Here are some steps you can take to emotionally detach from a situationship:
- Acknowledge Your Feelings: The first step in emotionally detaching from a situationship is to acknowledge your feelings. It’s okay to feel sad, angry, or hurt. Allow yourself to feel these emotions and process them.
- Set Boundaries: Setting boundaries is crucial when detaching from a situationship. This means limiting contact with the other person, avoiding places where you might run into them, and not engaging in behaviors that could lead to further emotional attachment.
- Focus on Yourself: When you’re in a situationship, it’s easy to lose sight of your own needs and wants. Take this time to focus on yourself. Engage in activities that make you happy, spend time with friends and family, and work on personal projects.

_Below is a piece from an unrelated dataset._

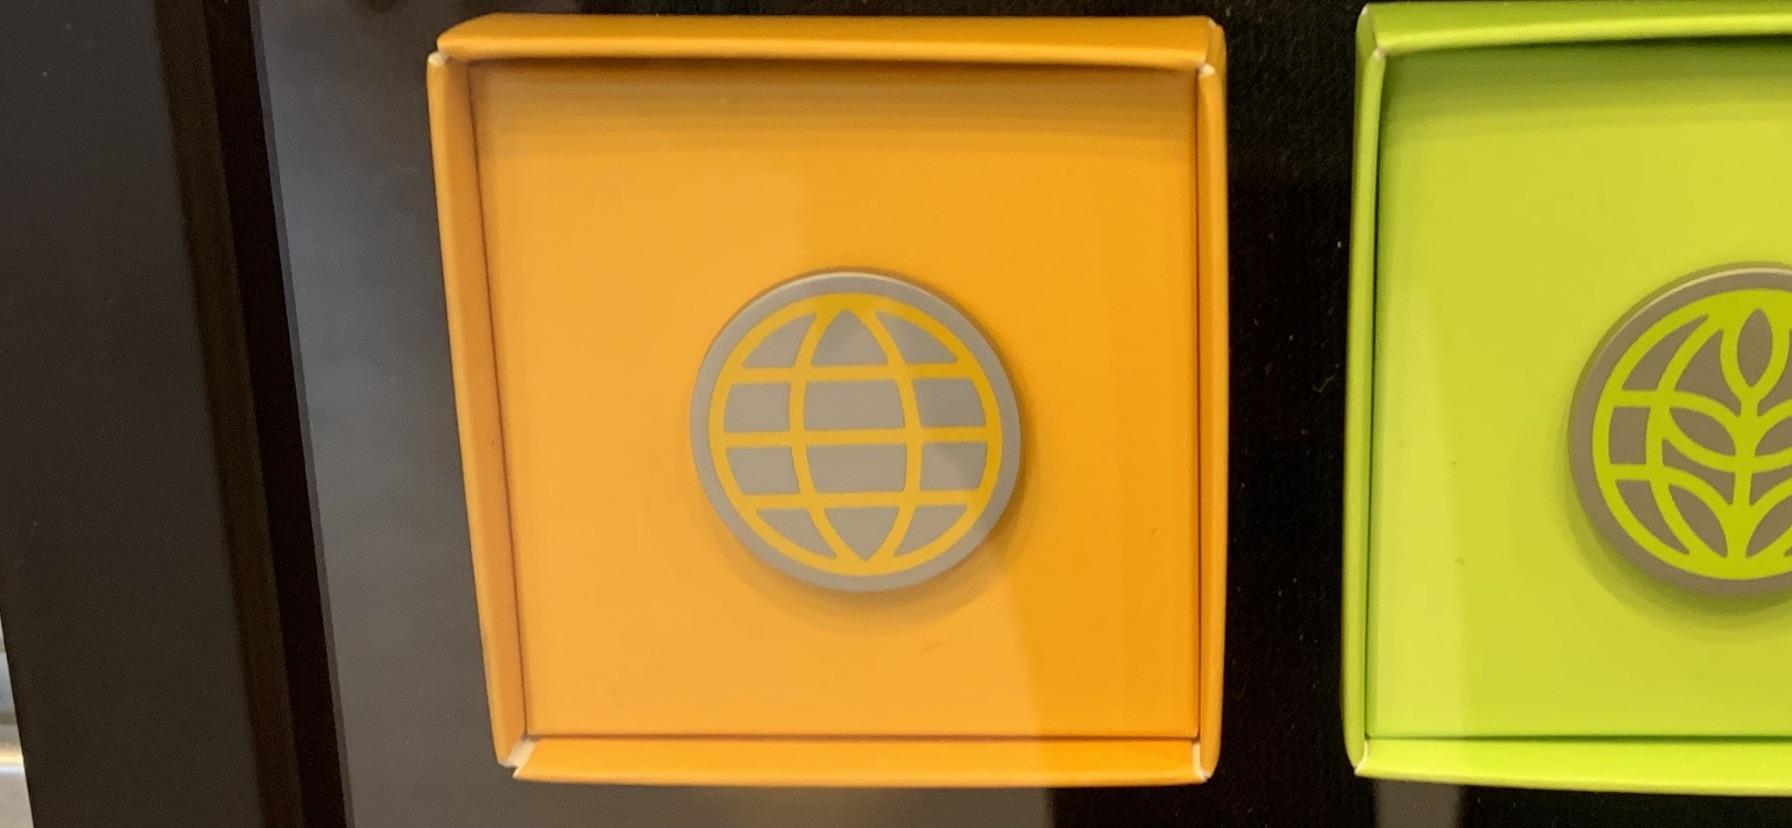 EPCOT pavilion logo pins 12/23/19 19

- Practice Self-Care: Self-care is essential when detaching from a situationship. This means taking care of your physical, emotional, and mental health. Exercise regularly, eat healthy foods, get enough sleep, and engage in activities that help you relax and de-stress.
- Seek Support: Detaching from a situationship can be difficult, and you don’t have to do it alone. Seek support from friends, family, or a therapist. Talking about your feelings with someone you trust can help you process them and move forward.
Remember, detaching from a situationship takes time and effort, but it’s worth it for your emotional well-being.
Stay strong, be patient with yourself, and focus on your own needs and wants.